_Data below_:

########

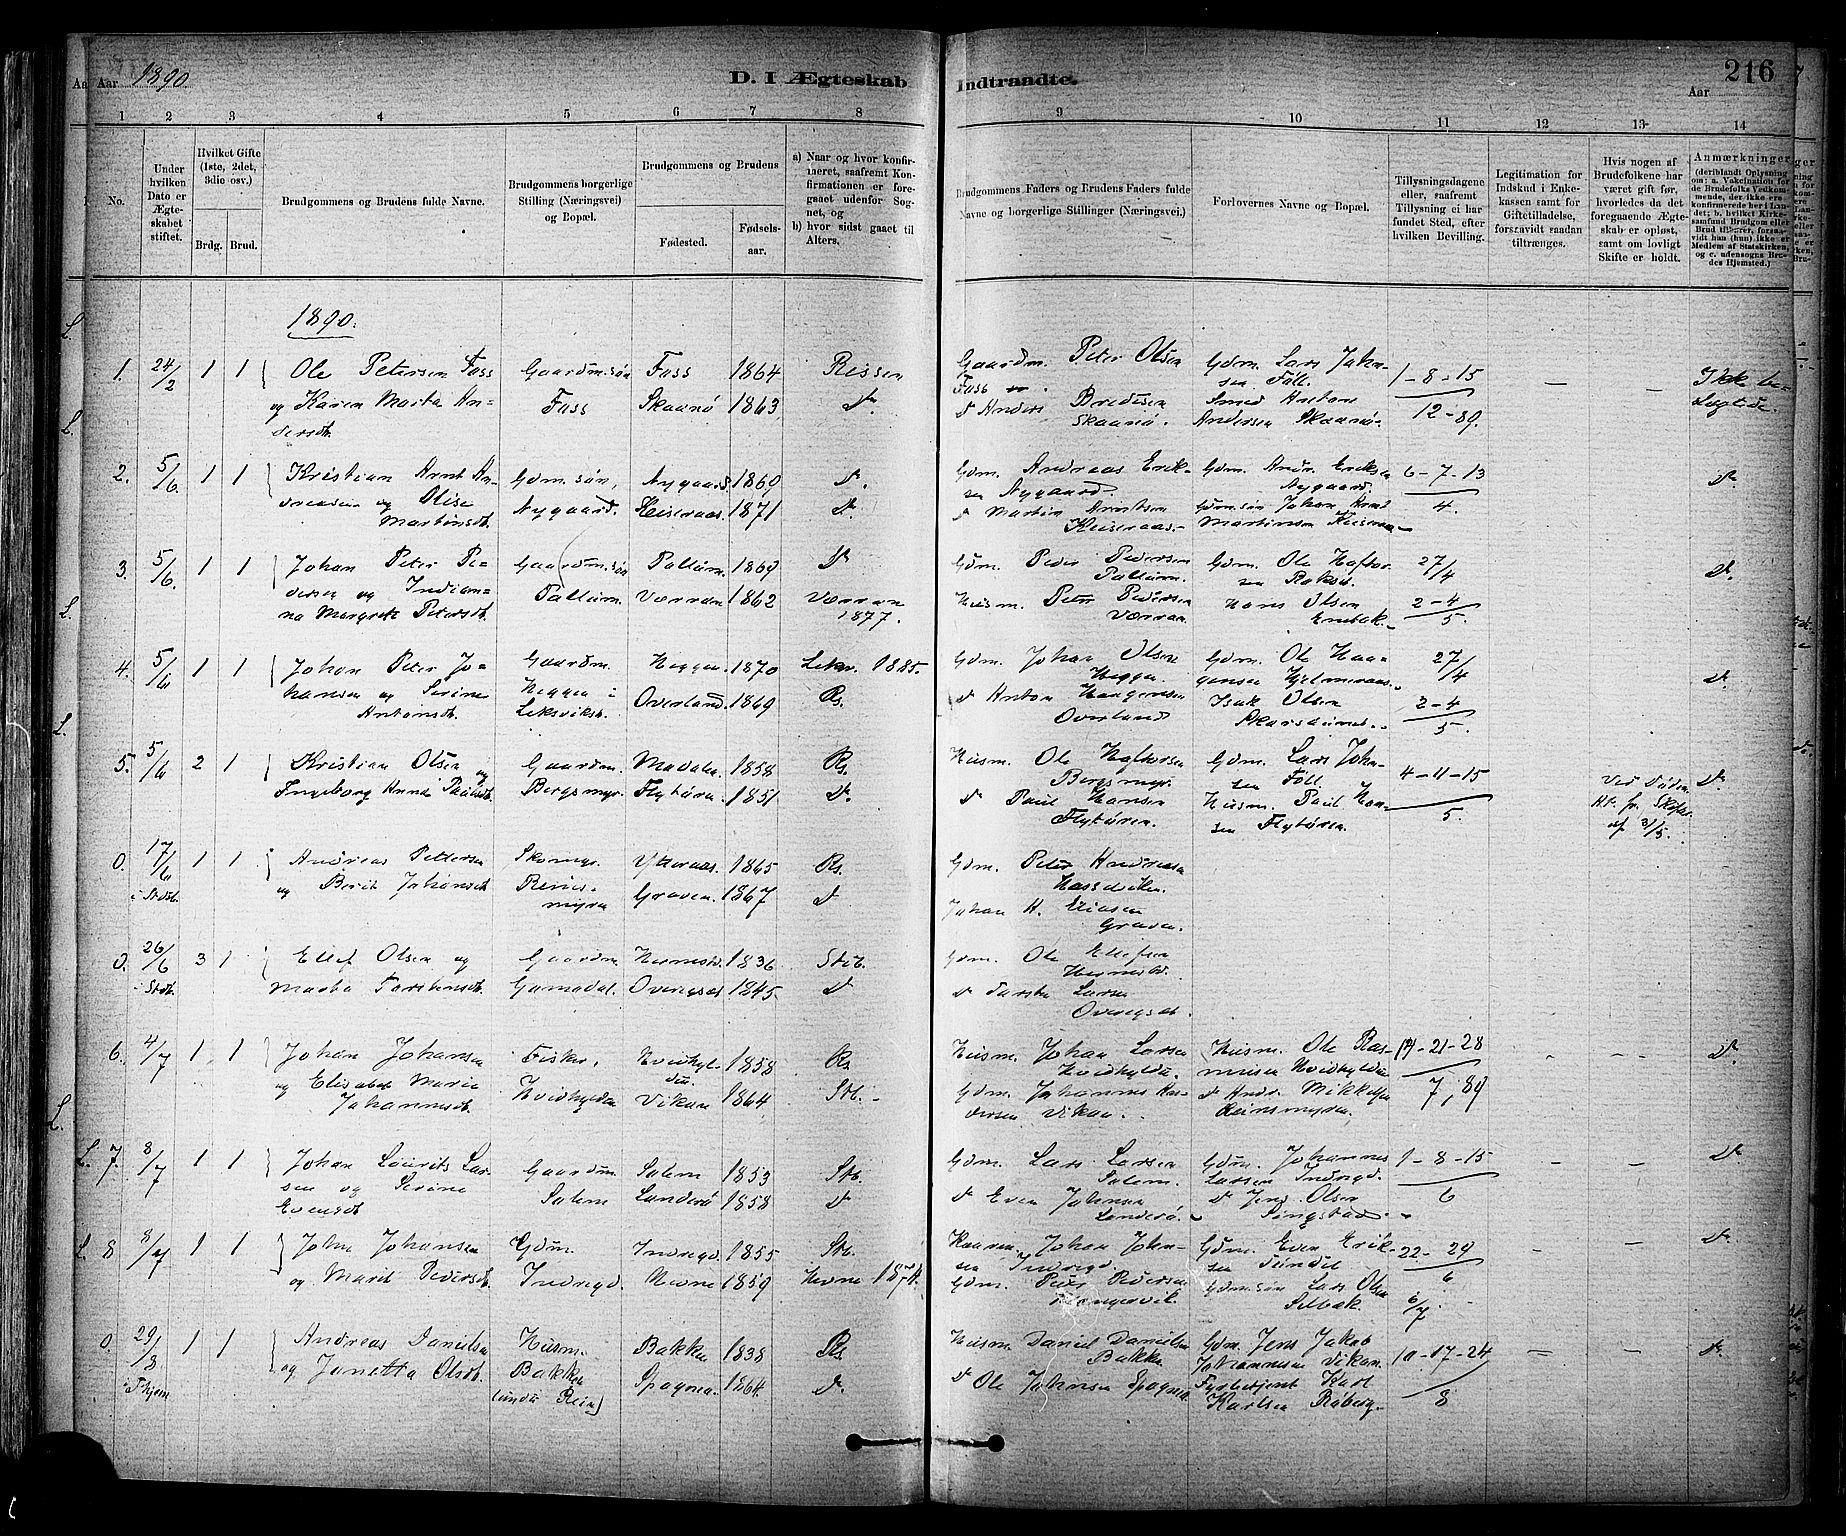 SAT, Ministerialprotokoller, klokkerbøker og fødselsregistre - Sør-Trøndelag, 647/L0634: Ministerialbok nr. 647A01, 1885-1896, s. 216
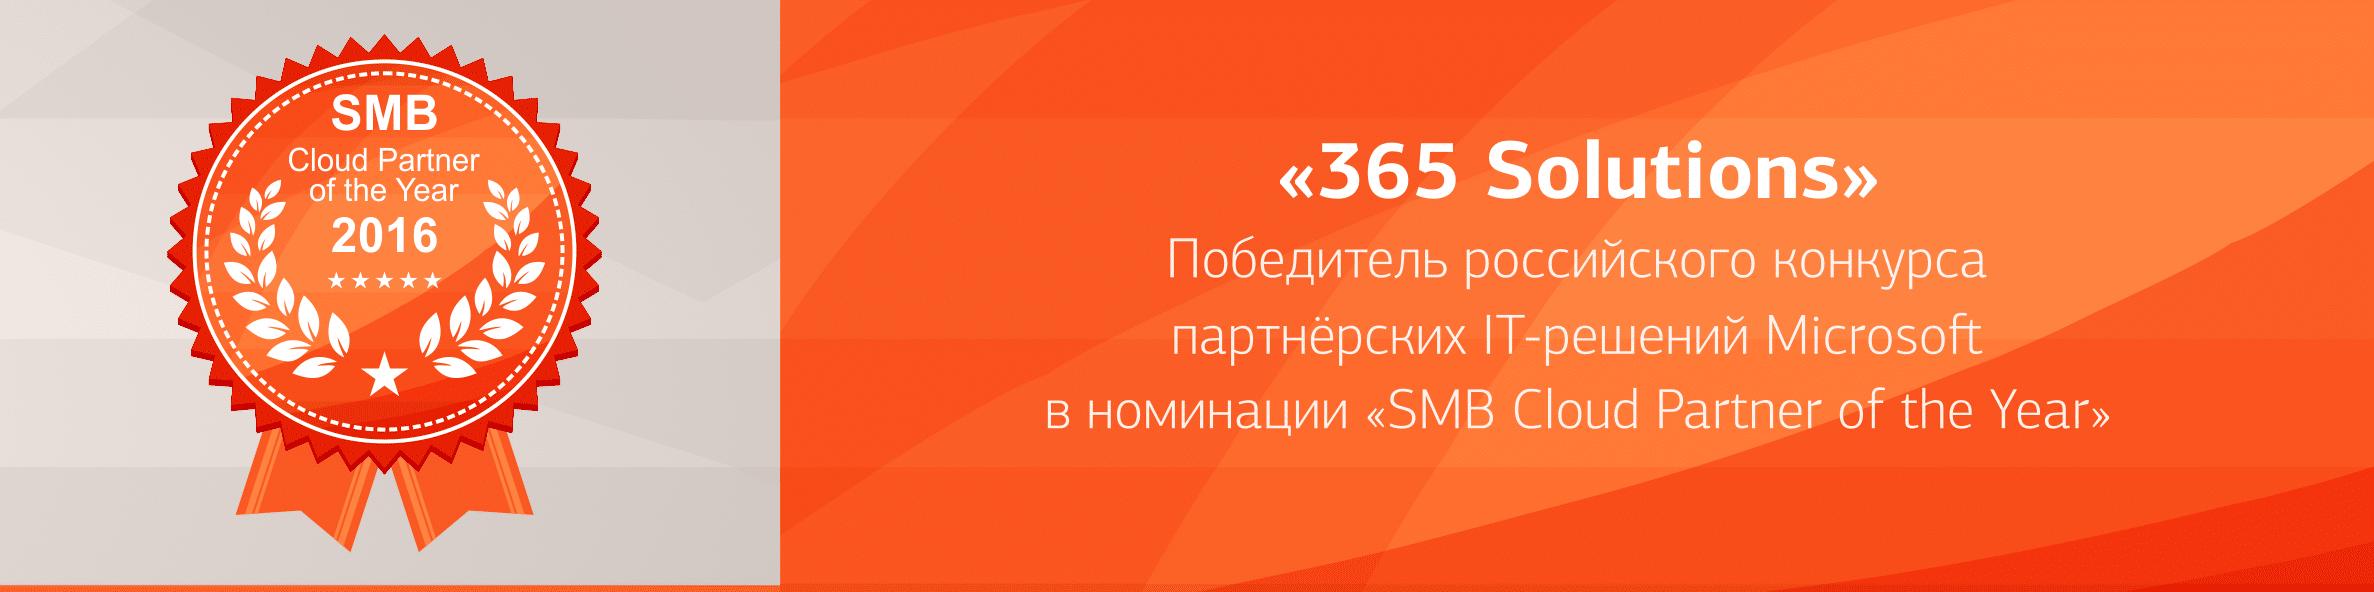 Компания «365 Solutions» стала одним из победителей российского конкурса партнерских ИТ-решений Microsoft 1
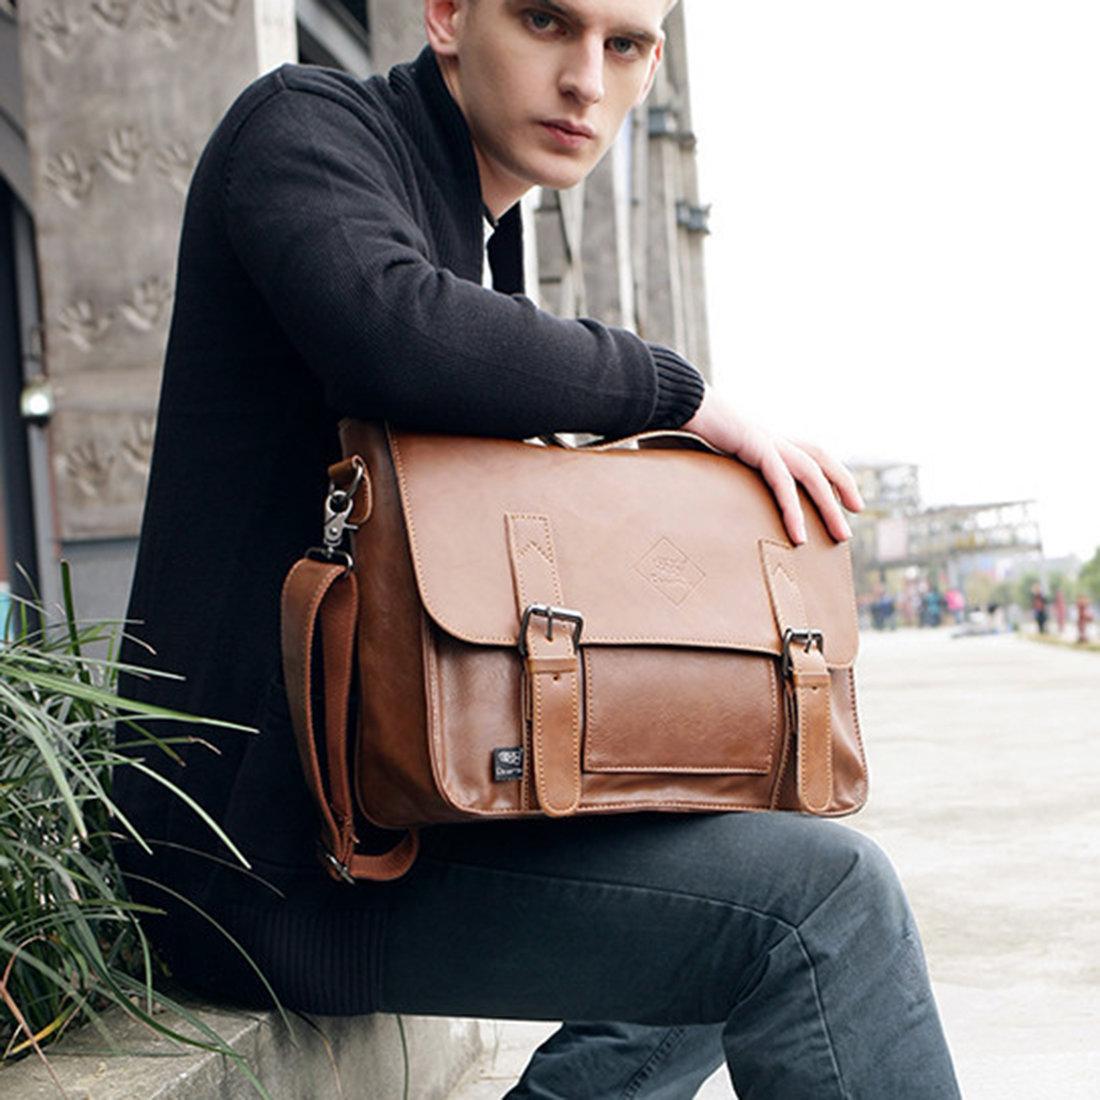 Мужская сумка: как выбрать подходящую модель?

########

_Description of the task_: A faithful transcription of the material, with no pictures, is the expected result.

_Result of the task_:
 SAT, Ministerialprotokoller, klokkerbøker og fødselsregistre - Sør-Trøndelag, 647/L0634: Ministerialbok nr. 647A01, 1885-1896, s. 216
 Компания «365 Solutions» стала одним из победителей российского конкурса партнерских ИТ-решений Microsoft 1
 Мужская сумка: как выбрать подходящую модель?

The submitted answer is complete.